Ripple, one of the most prominent firms in the cryptocurrency companies, said Monday night that the Securities and Exchange Commission is planning to begin a surprise lawsuit against the corporation over the possible sale of unlicensed securities, according to a report by Fortune.
Ripple CEO Brad Garlinghouse and cofounder Chris Larsen are identified as defendants in the lawsuit. The SEC filed the case on Tuesday afternoon, charging that the firm and officials exchanged $1.3 billion in unregistered stock.
The action will follow years of discussion between the business and the department as to whether XRP, the digital currency affiliated with Ripple, is a security, which must be registered with the regulator.
The third most famous cryptocurrency is XRP, which is estimated to have a market cap of $23 billion.
Bitcoin and Ethereum Safe, But Ripple…
In recent years, the SEC has ruled that Bitcoin and Ethereum, the two most valuable cryptocurrencies, are not stocks, partly on the basis that they are autonomous without any entity or corporation in control of them.
XRP differs from Bitcoin and Ethereum in that the latter two currencies are minted in a sluggish, continuous process called mining. For a corporation called Ripple Labs in 2012, Larsen and others, by contrast, created 100 billion XRP units in one fell swoop.
Although Ripple continues to possess the lion’s share of XRP, the majority of its treasury is stored in inventory to be distributed in anticipated allotments. In comparison, Garlinghouse and Larsen also hold a considerable number of XRP. This structure led some observers to consider that XRP was more akin to a company’s portfolio than to a currency.

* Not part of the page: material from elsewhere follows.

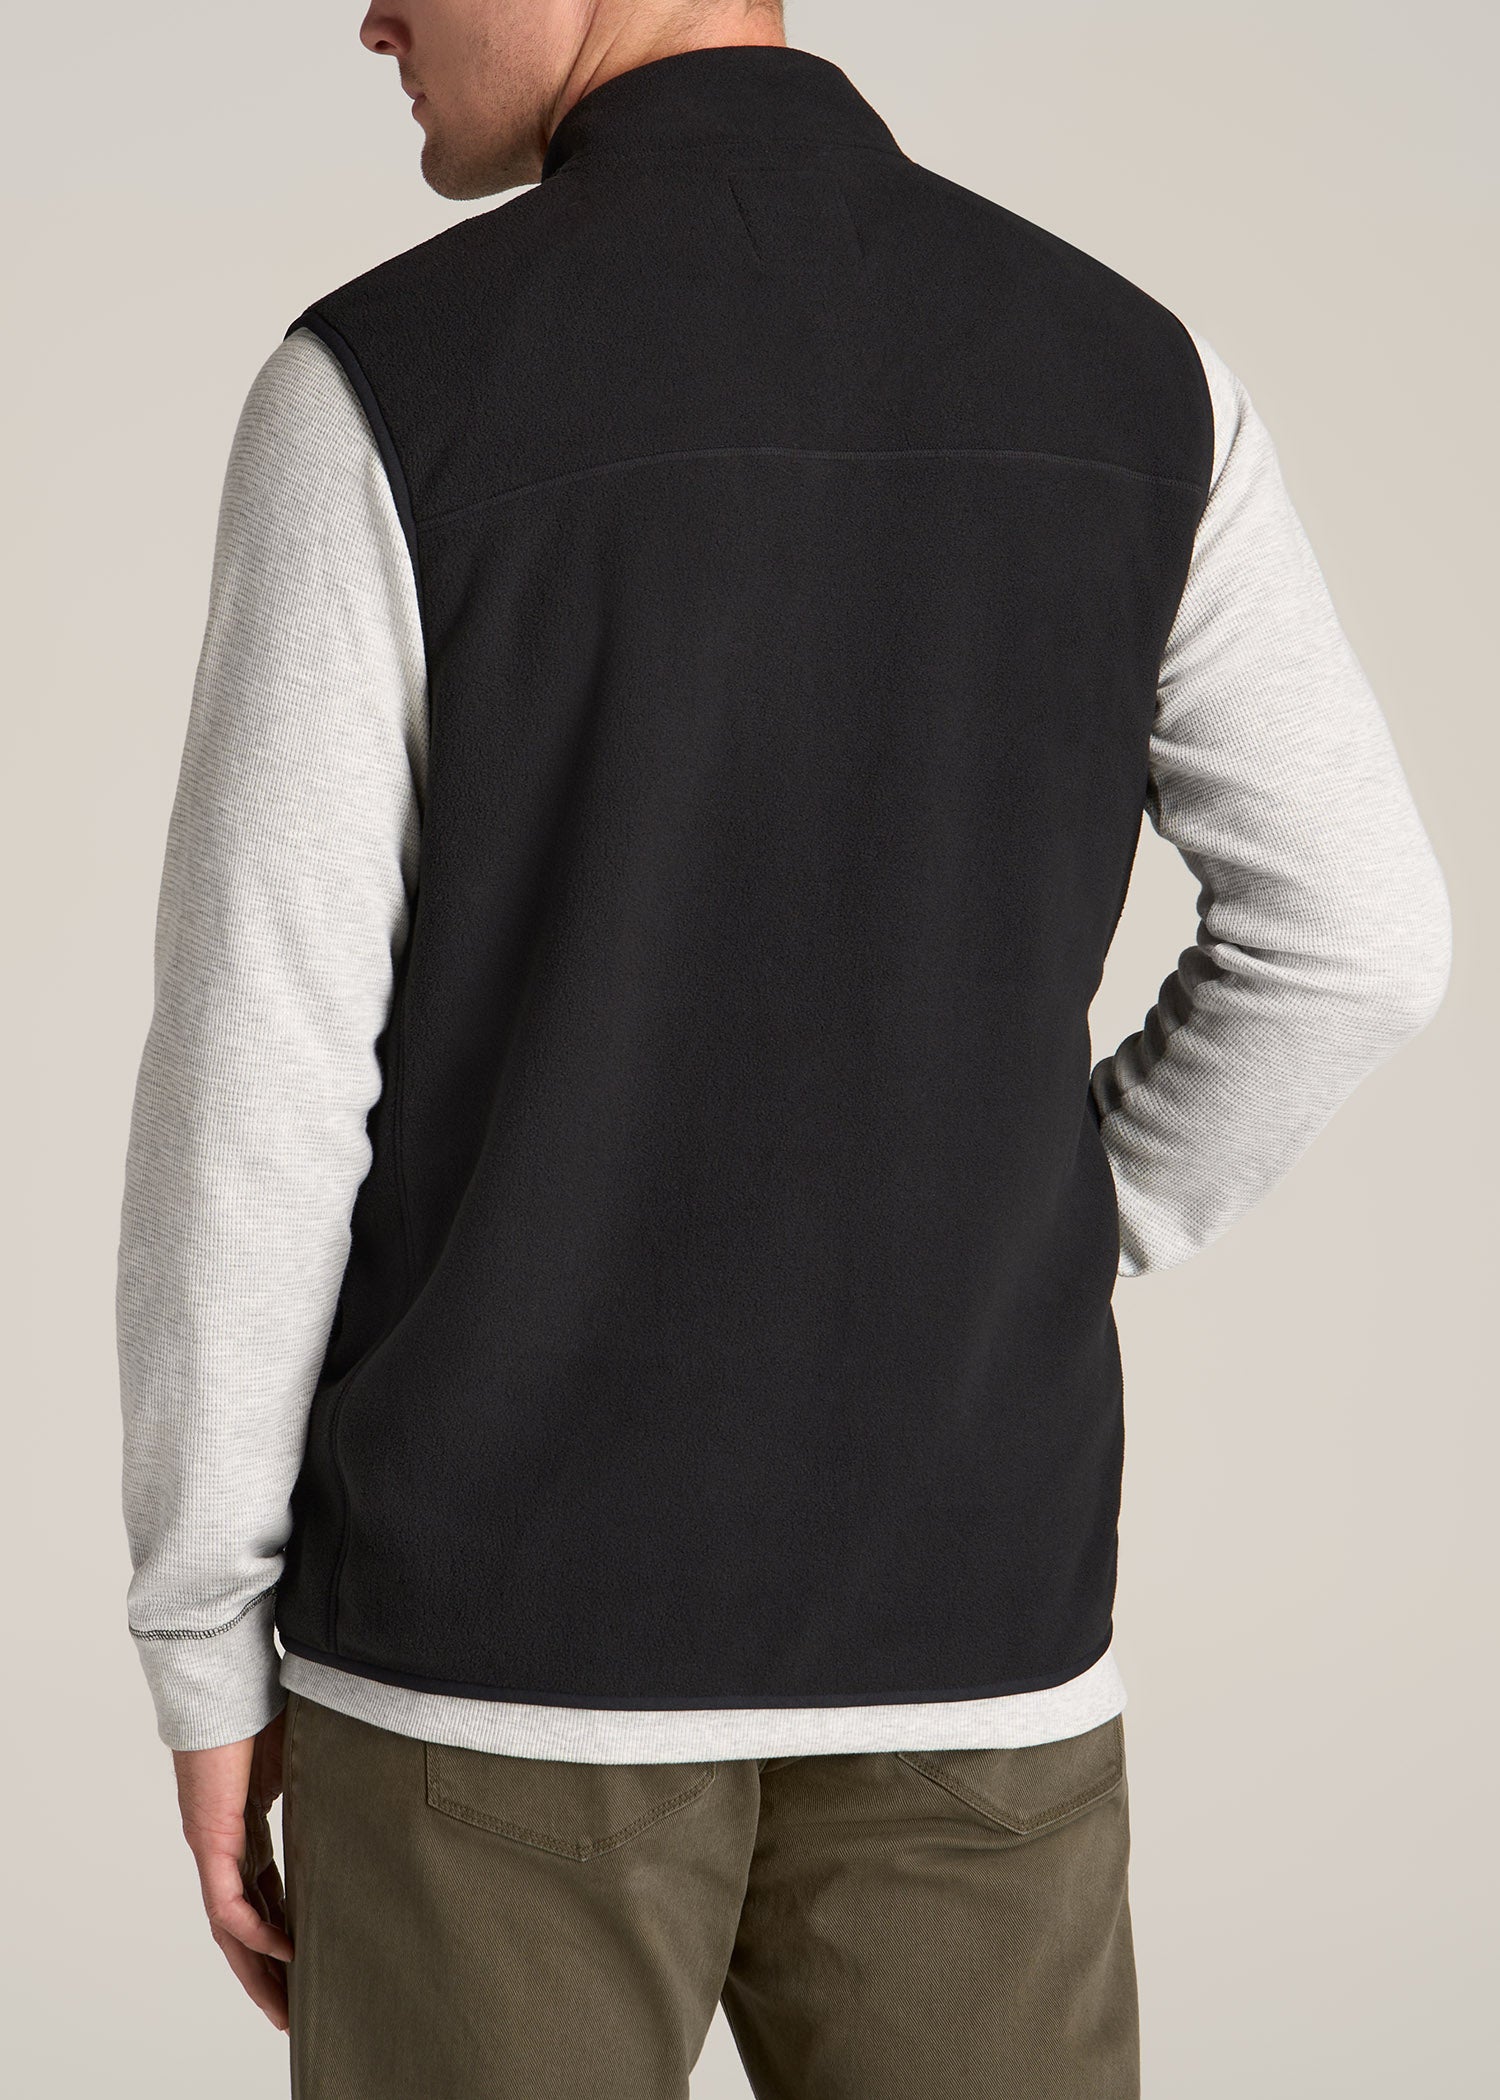 Polar Fleece Sweater Full Zip Vest for Tall Men | American Tall

The matter will now be resolved by a federal judge in a situation that would have consequences for the booming cryptocurrency market. The SEC recently won a case involving the messaging service Kik, which offered cryptocurrency tokens to its clients.
A judge ruled unlicensed securities to be the tokens in question in that case.
Ripple’s Preemptive Moves
The legal dustup comes months after Larsen and other Ripple administrators suggested that, in answer to what they claim is regulatory overbearing conduct, the company will move its headquarters outside the U.S.
Garlinghouse said on Monday that it was “confusing” that the SEC will pursue prosecution even if countries like Singapore, Switzerland, and Japan declined to treat XRP as a precautionary move.
Ripple has strongly fought back on the notion of XRP being a defense for years. The corporation notes that, if it desires, it has no discretion to tap reserve funds and that XRP has been extremely localized in cross-border trading since it is used as a bridge currency by banks and other retailers.
According to Garlinghouse, the concept of XRP by the SEC as a defense governed by Ripple is akin to the view of oil as a security managed by Exxon.
Ongoing Regulation of Cryptocurrencies
The SEC is not the only regulator in the United States drawing the ire of blockchain developers. Over the last week, the Treasury Department has also implemented a rule that would require banks and exchanges like Coinbase to verify the identity of so-called unhosted machines and app wallets that will deal with Bitcoin and other cryptocurrencies.
Critics contend that the move could stifle the emerging economy known as’ decentralized finance (DeFi)’ and complain that the proposed legislation, which will include the holidays, has too restricted a 15-day review period.
Garlinghouse describes the Treasury decision and the SEC situation as parting shots by Trump administration officials that are relentlessly hostile to cryptography. He hoped that the industry would find greater favour with the current Biden administration.
He says that, in the meantime, Ripple plans to litigate.
“Garlinghouse said, adding, “We’re trying to stay on the right side of history.”